Member of the New Zealand Parliament for Pahiatua
- In office 1977–1996
- Preceded by: Keith Holyoake

Personal details
- Born: John Howard Falloon 17 February 1942 Masterton, New Zealand
- Died: 4 October 2005 (aged 63) Bideford, New Zealand
- Party: National
- Spouse: Phillipa "Peeps" Falloon
- Alma mater: Massey University
- Occupation: Farmer

= John Falloon =

New Zealand politician

John Howard Falloon (17 February 1942 – 4 October 2005) was a New Zealand politician. He was an MP from 1977 to 1996, representing the National Party in the Pahiatua electorate.

==Early life and family==
Falloon was born in Masterton on 17 February 1942, the son of Margaret Falloon (née Woodhead) and Douglas John Falloon. He was educated at Lindisfarne College and Massey University, graduating with a diploma in sheep farm management.
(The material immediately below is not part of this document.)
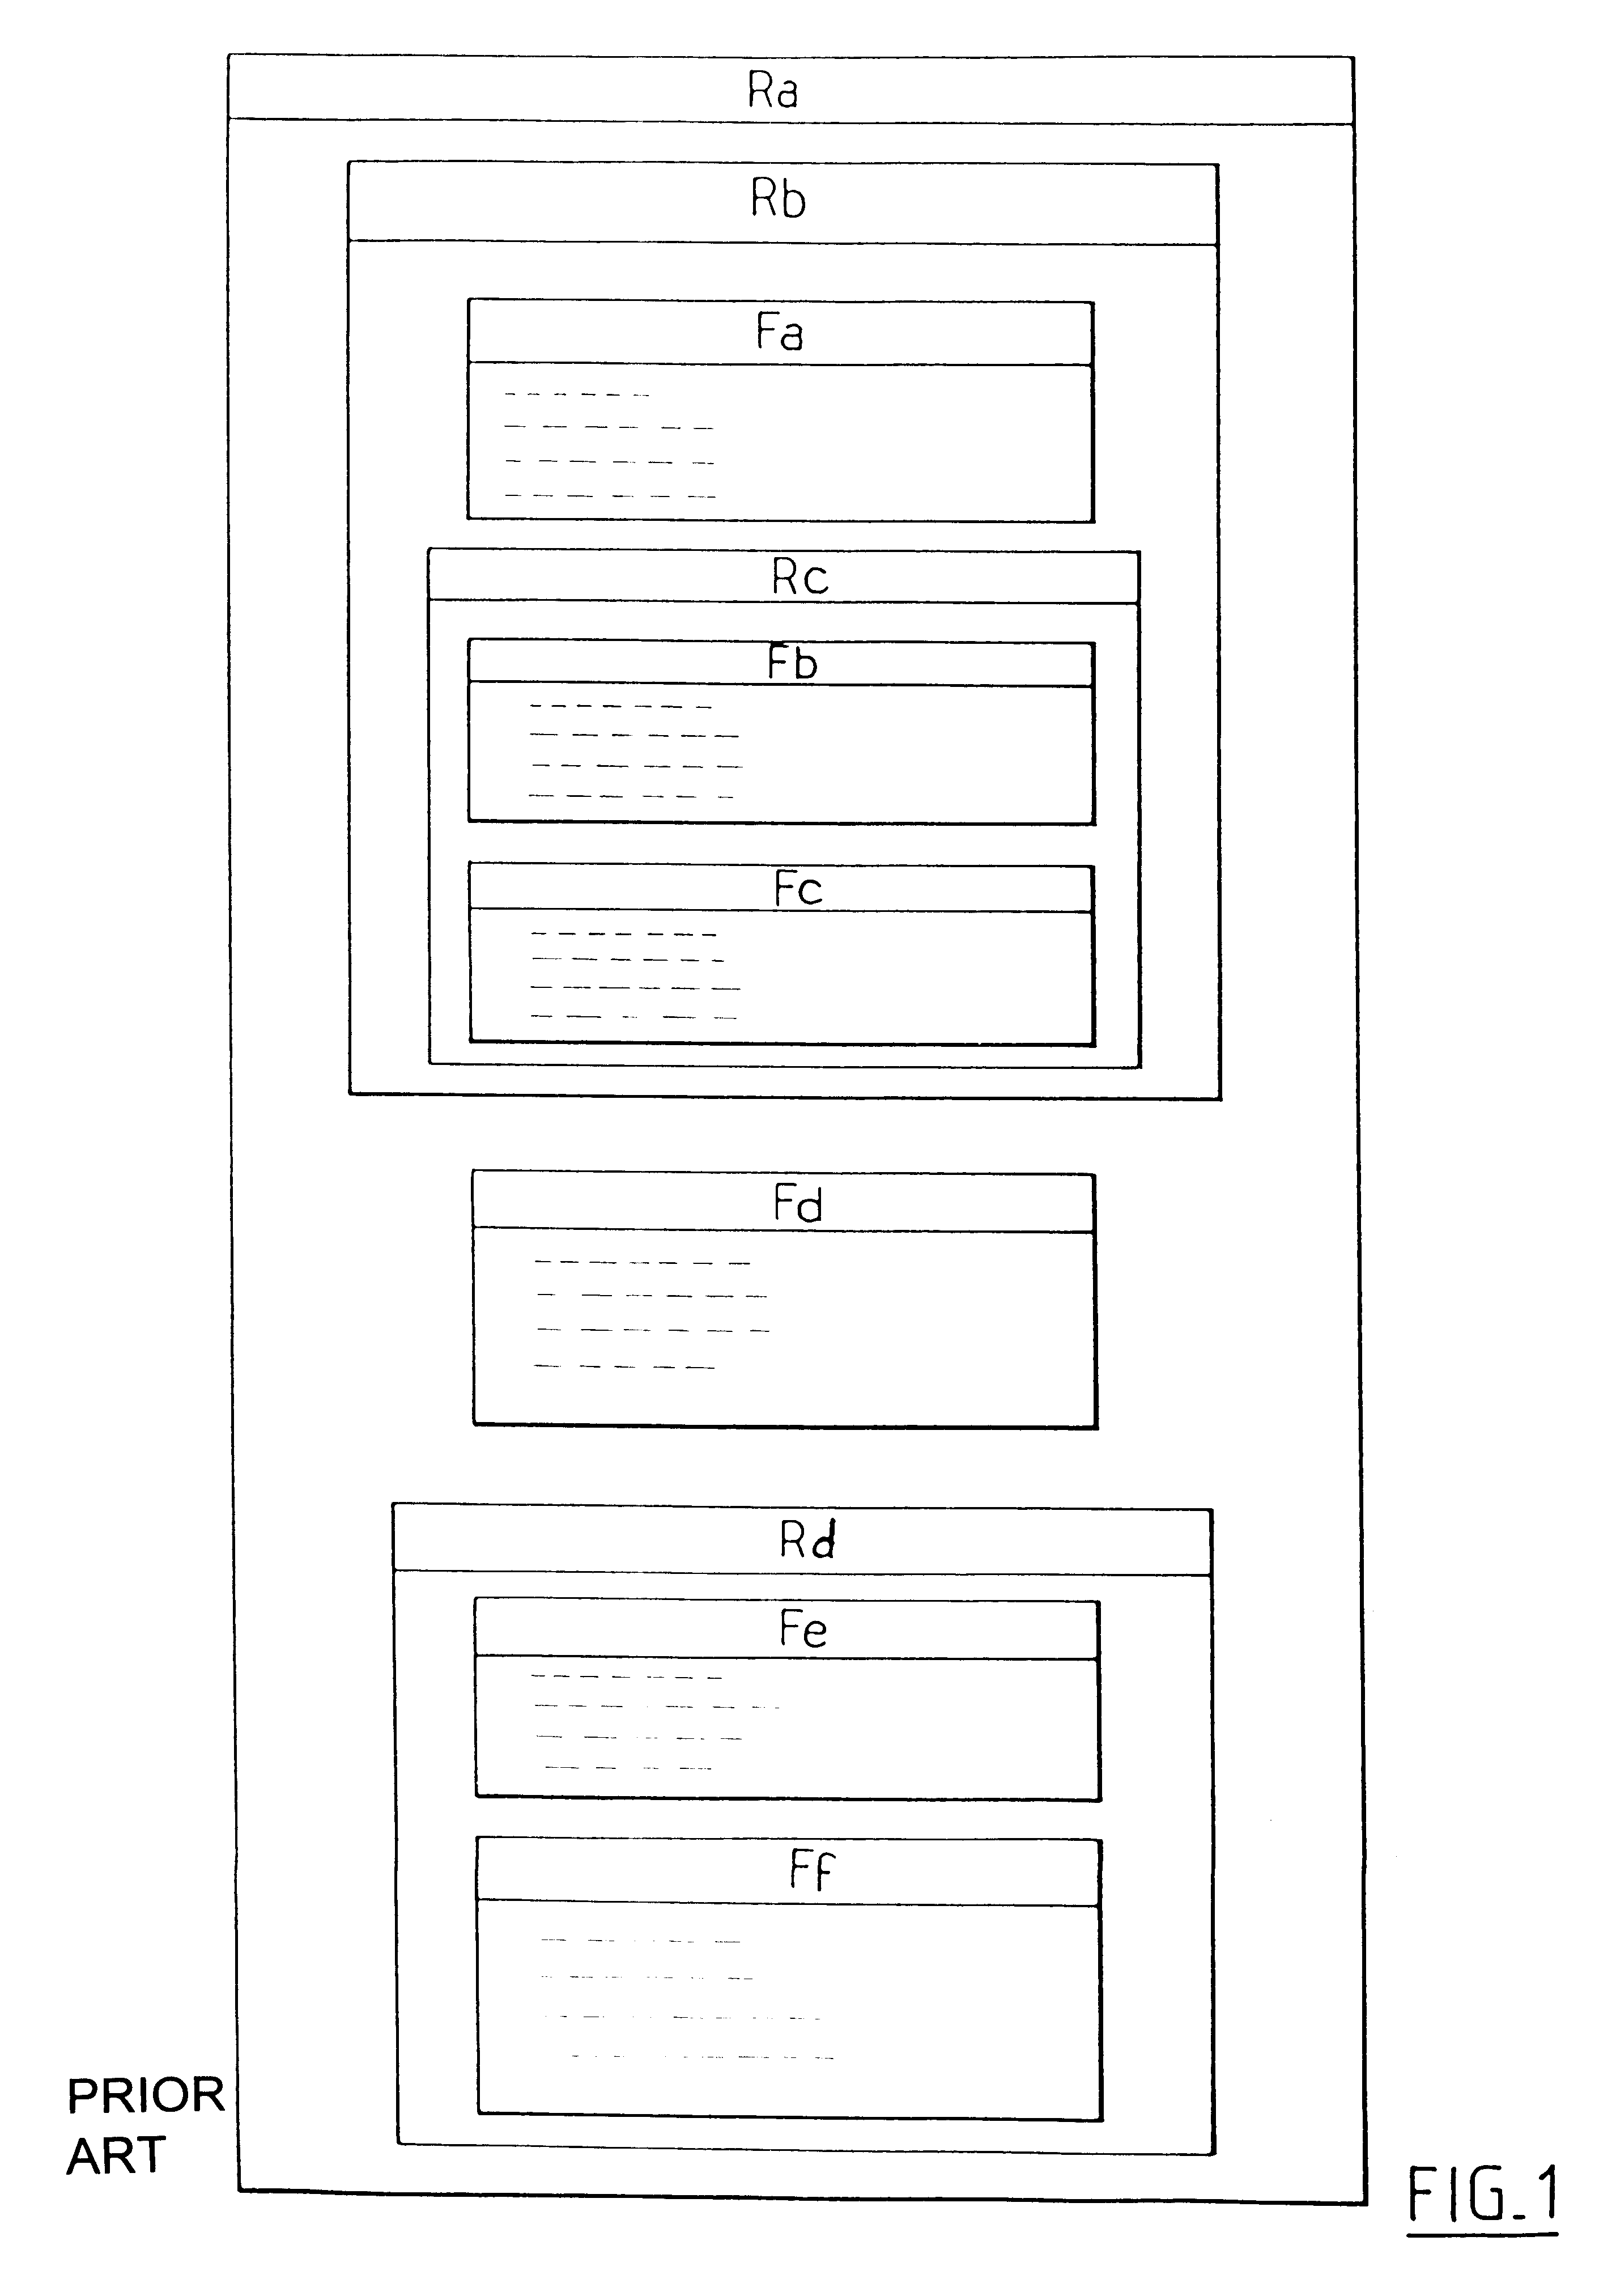 Integrated circuit card comprising files classified in a tree structure

Falloon had three children with his wife Philippa. His cousin, Ian Falloon, was one of the first psychiatrists to have family involved in the treatment of schizophrenia.

==Member of Parliament==

He was first elected to Parliament in the Pahiatua by-election of 1977, replacing Sir Keith Holyoake who had been appointed Governor-General. He retained his seat until he retired.

He held a number of ministerial posts, first in the government of Robert Muldoon, including Postmaster-General, Minister of Statistics, Minister in charge of the Inland Revenue Department and Associate Minister of Finance.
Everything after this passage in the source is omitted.